I need to compare two integer using Bit operator. I faced a problem where I have to compare two integers without using comparison operator.Using bit operator would help.But how?

让我们说 a = 4; b = 5;

Lets say a = 4; b = 5;

我们必须显示a不等于b。 但是，我想进一步扩展它，比方说，我们将显示哪个更大。这里b更大..

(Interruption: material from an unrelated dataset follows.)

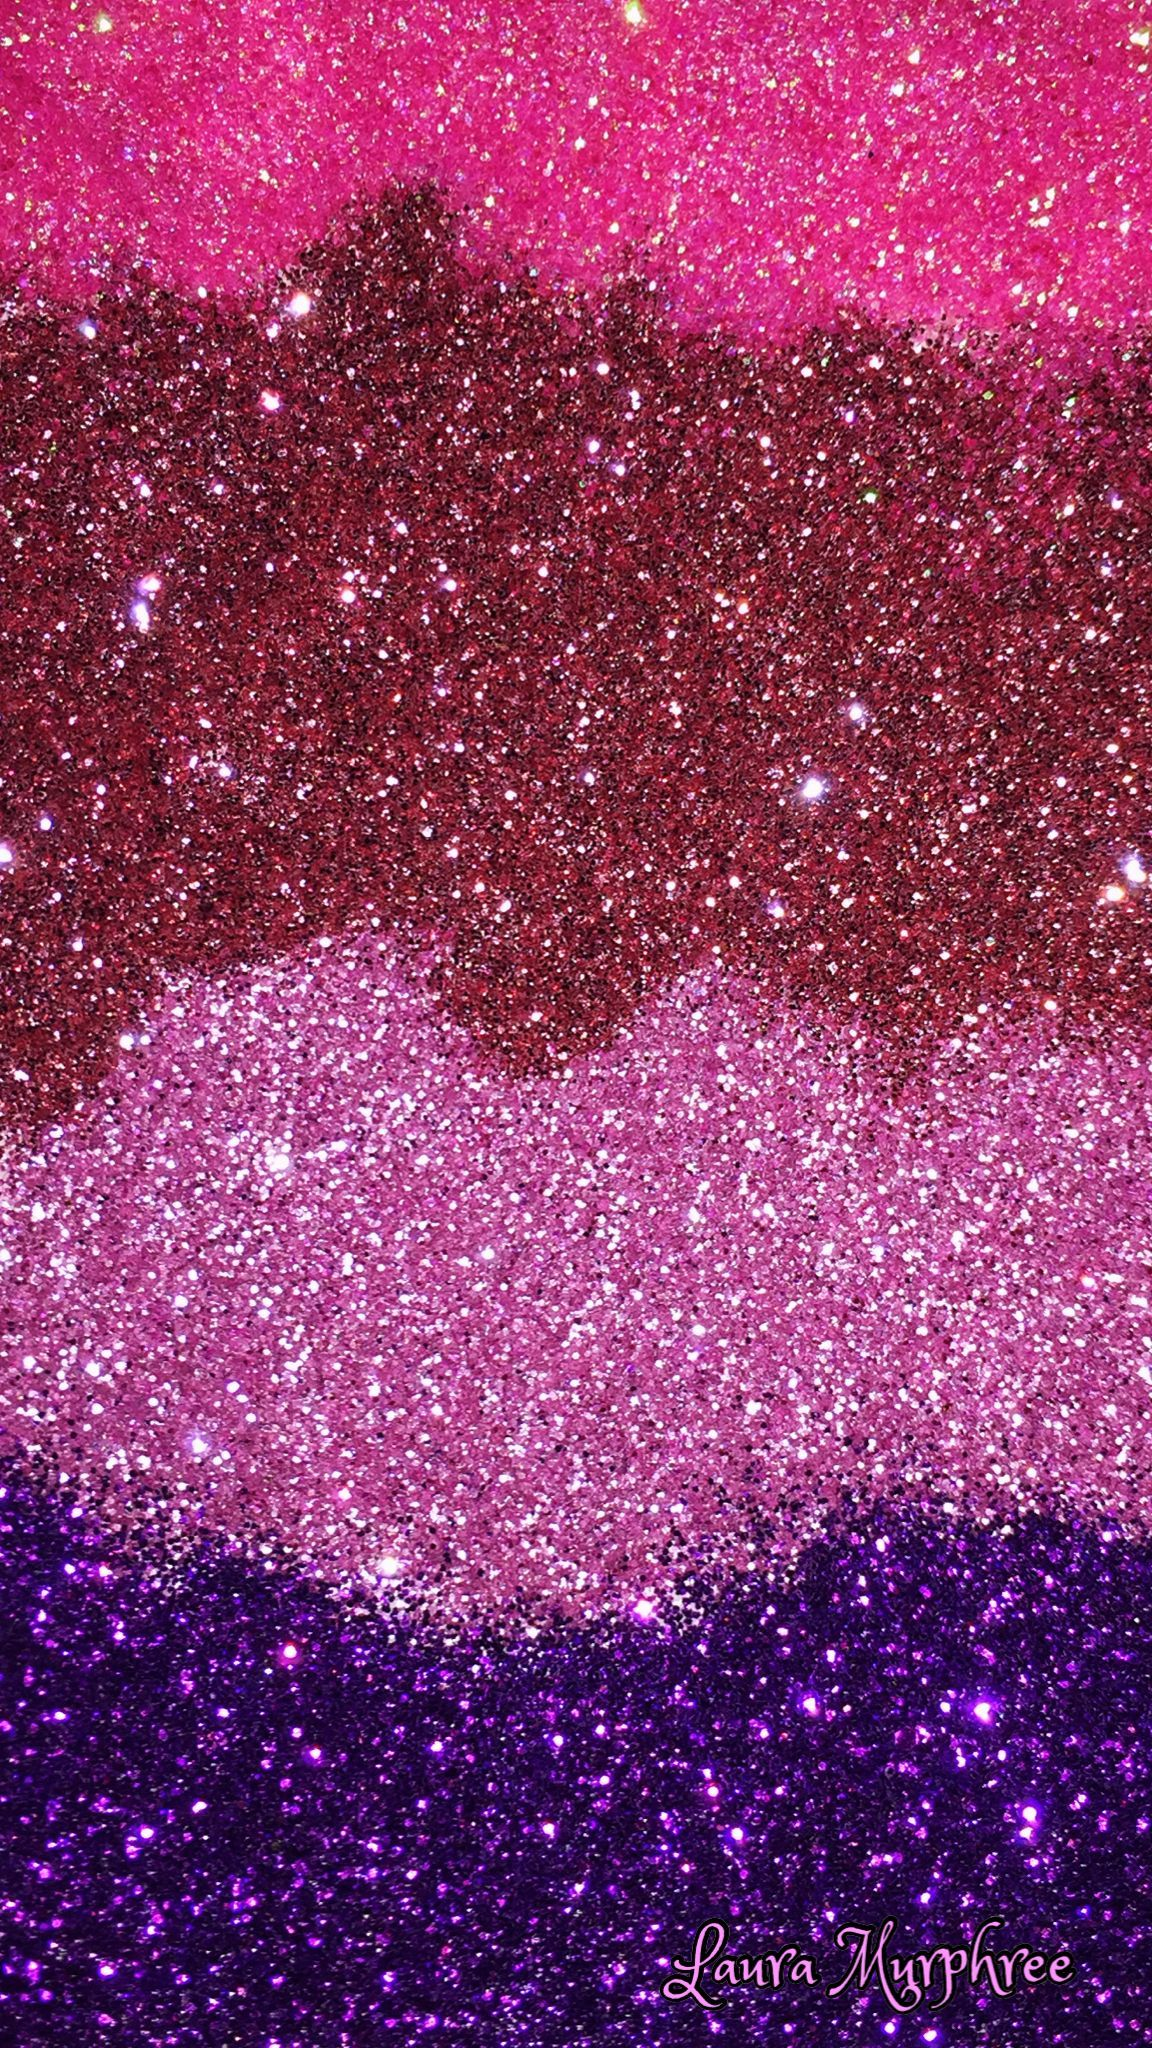 Glitter Phone Wallpaper Colorful Sparkle Background Pretty Girly Sparkling Pink Purple Glitter G Sparkles Background Glitter Wallpaper Glitter Phone Wallpaper

We have to show a is not equal to b. But,I would like to extend it further ,say,we will show which is greater.Here b is greater..

推荐答案

至少需要与0进行比较，从概念上讲，这就是CPU所做的比较。例如

You need at least comparison to 0 and notionally this is what the CPU does for a comparison. e.g.

等于可以建模为 ^ ，因为这些位必须相同才能返回0

Equals can be modelled as ^ as the bits have to be the same to return 0

(a ^ b) == 0

如果这是 C 你可以放弃 == 0 ，因为这可以隐含

if this was C you could drop the == 0 as this can be implied with

!(a ^ b)

但是在Java中你不能将 int 转换为 boolean 而不是至少一些比较。

but in Java you can't convert an int to a boolean without at least some comparison.

为了比较，你通常做一个减法，虽然一个处理溢出。

For comparison you usually do a subtraction, though one which handles overflows.

(long) a - b > 0 // same as a > b

减法与添加负数相同且负数与~x + 1相同所以你可以做

subtraction is the same as adding a negative and negative is the same as ~x+1 so you can do

(long) a + ~ (long) b + 1 > 0

放弃 +1 你可以将此更改为

(long) a + ~ (long) b >= 0 // same as a > b

你可以实现 + 作为一个系列使用>> << & | 和 ^ 但我不会对你造成这种情况。

You could implement + as a series of bit by bit operations with >> << & | and ^ but I wouldn't inflict that on you.